- WORK REQUIRED
Using the listing below, retype only the lines from the line with "Мужские наручные часы" through the end, both ends included, and exclude the pictures.

- AVAILABLE DATA
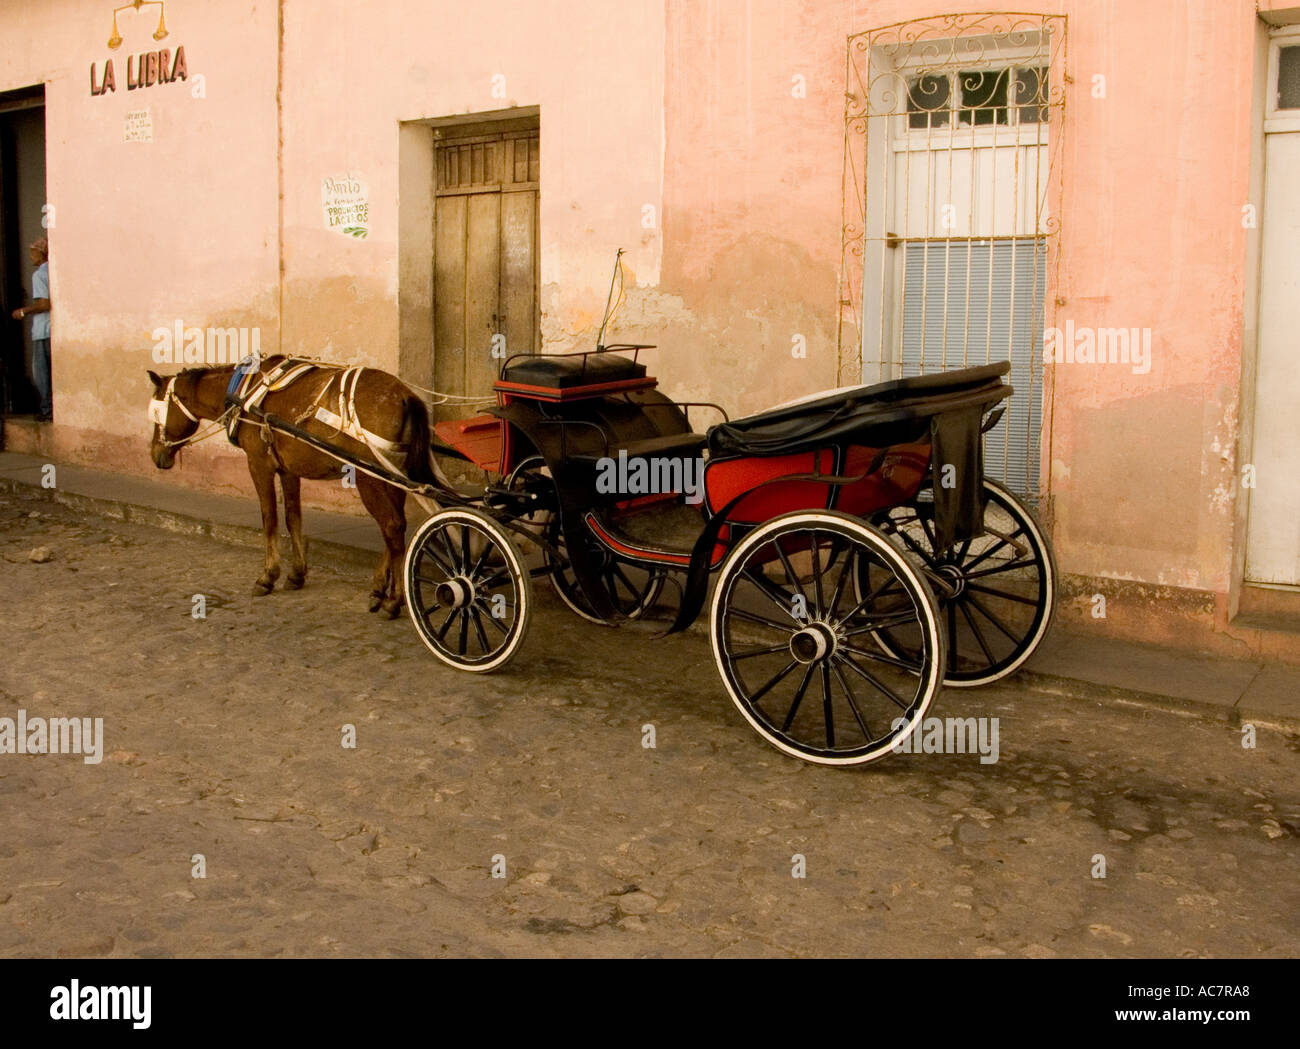 Transport touristique de Cuba en attente de clients dans une rue de Trinidad de cuba cuba Banque D'Images
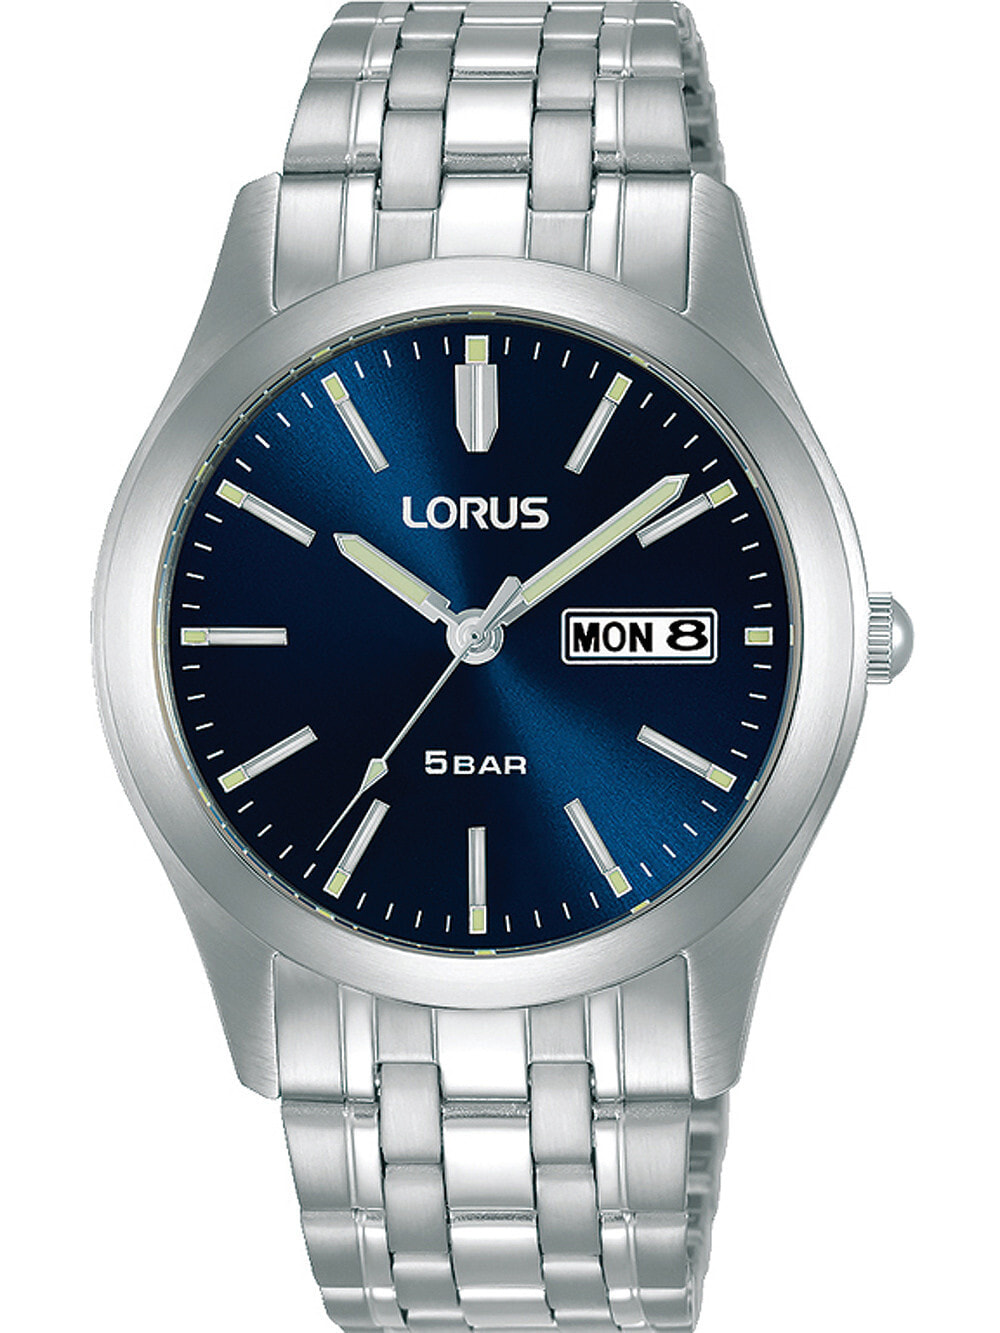 Мужские наручные часы с серебряным браслетом Lorus RXN69DX9 classic mens 38mm 5ATM
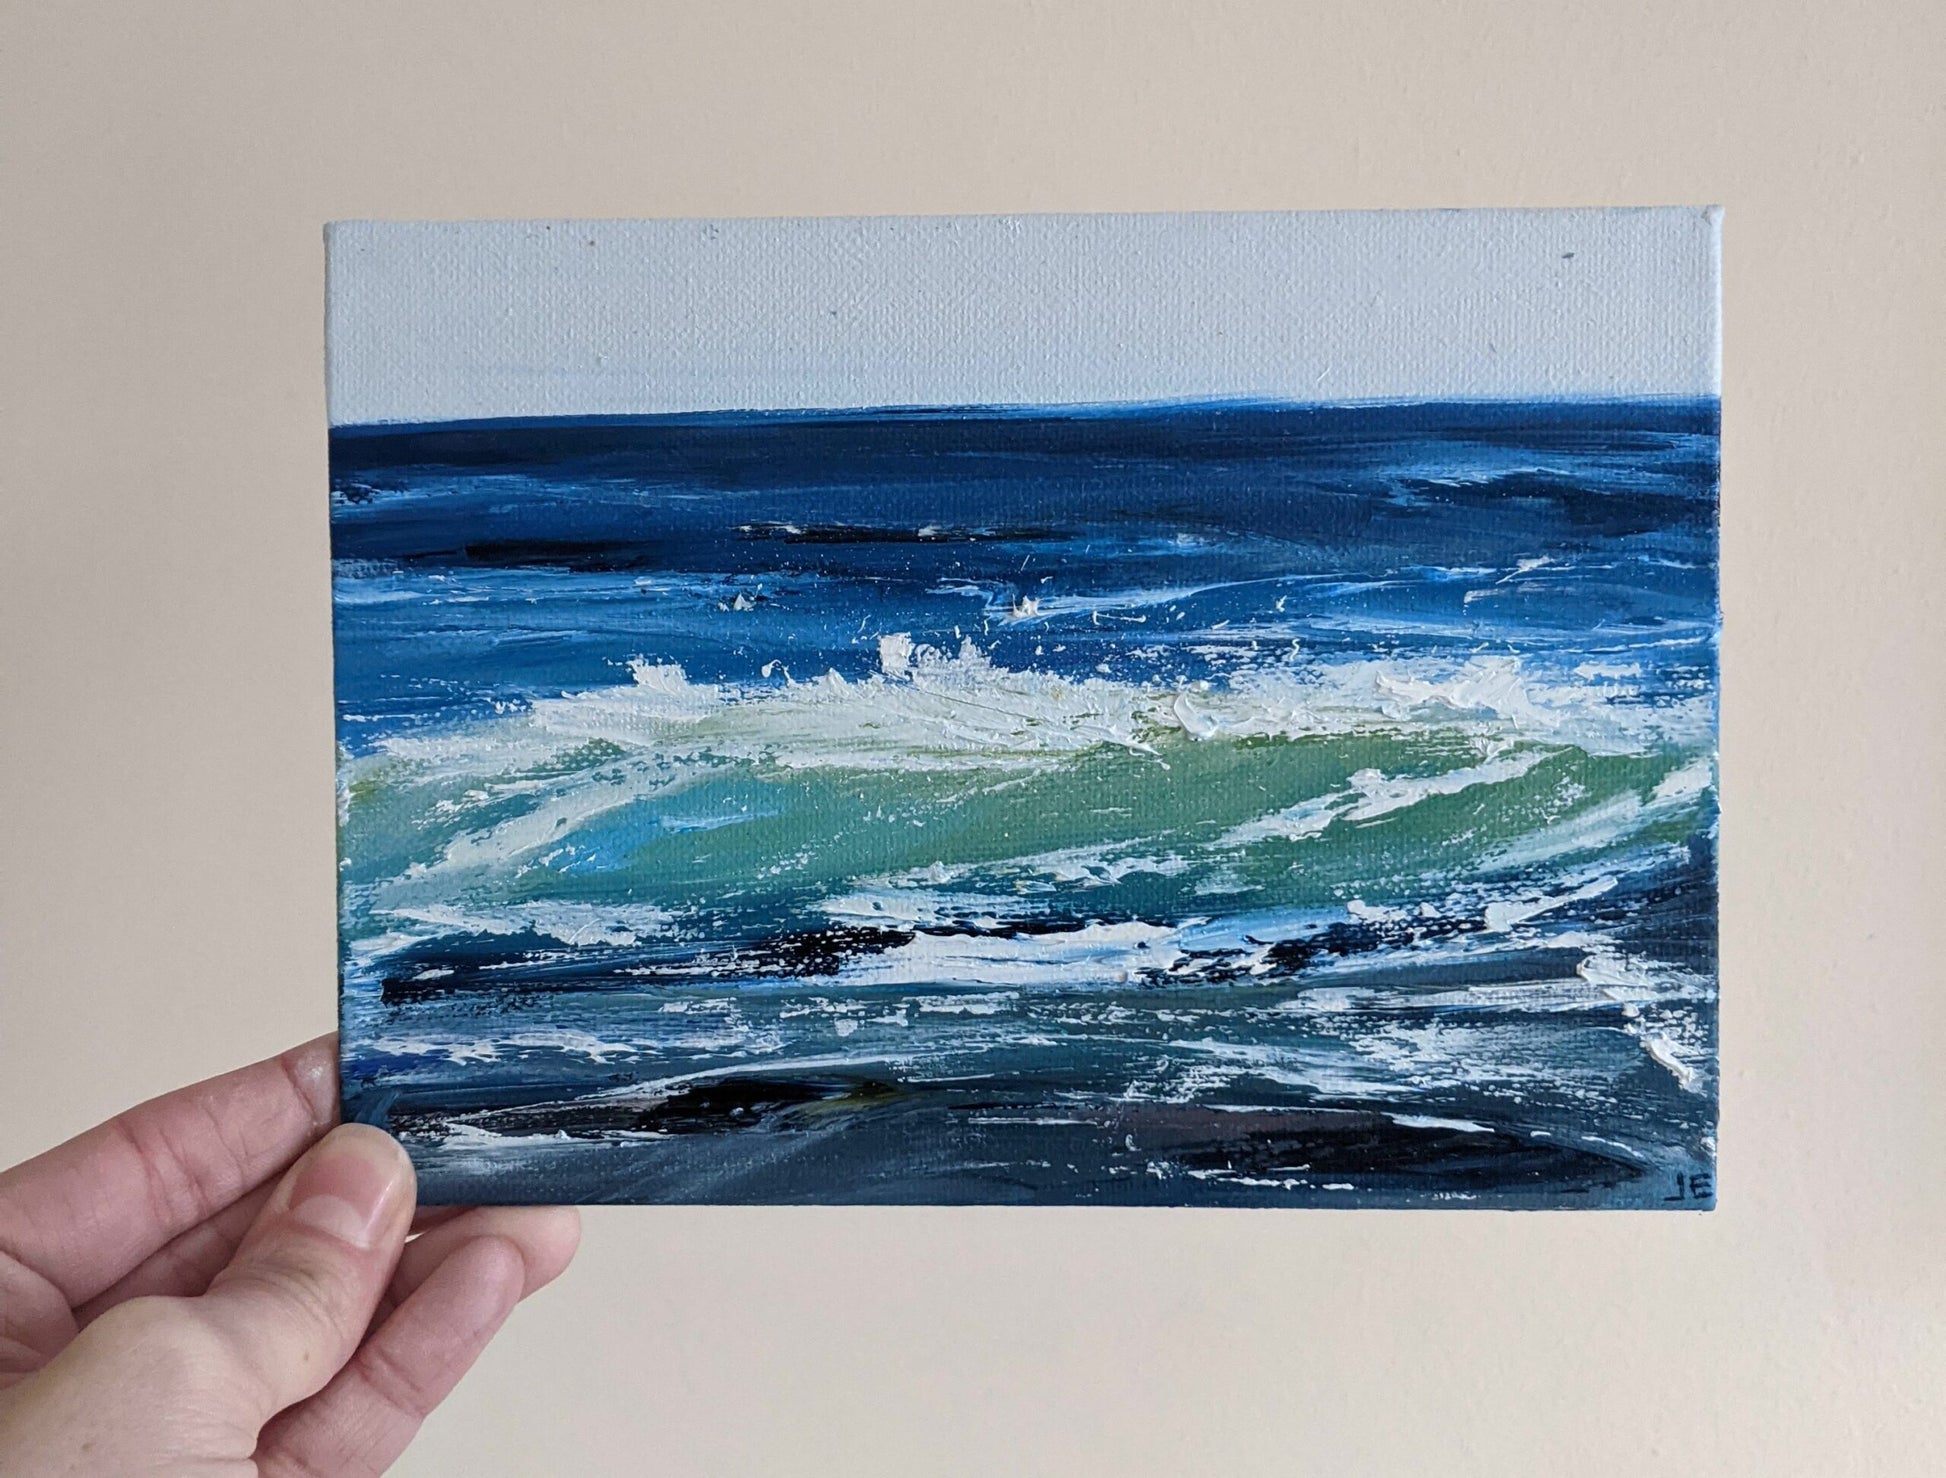 Miniature Wave Seascape #4 oil painting on canvas board in studio, by Jo Earl

- ANSWER TO THE PROBLEM
 Мужские наручные часы с серебряным браслетом Lorus RXN69DX9 classic mens 38mm 5ATM
 Miniature Wave Seascape #4 oil painting on canvas board in studio, by Jo Earl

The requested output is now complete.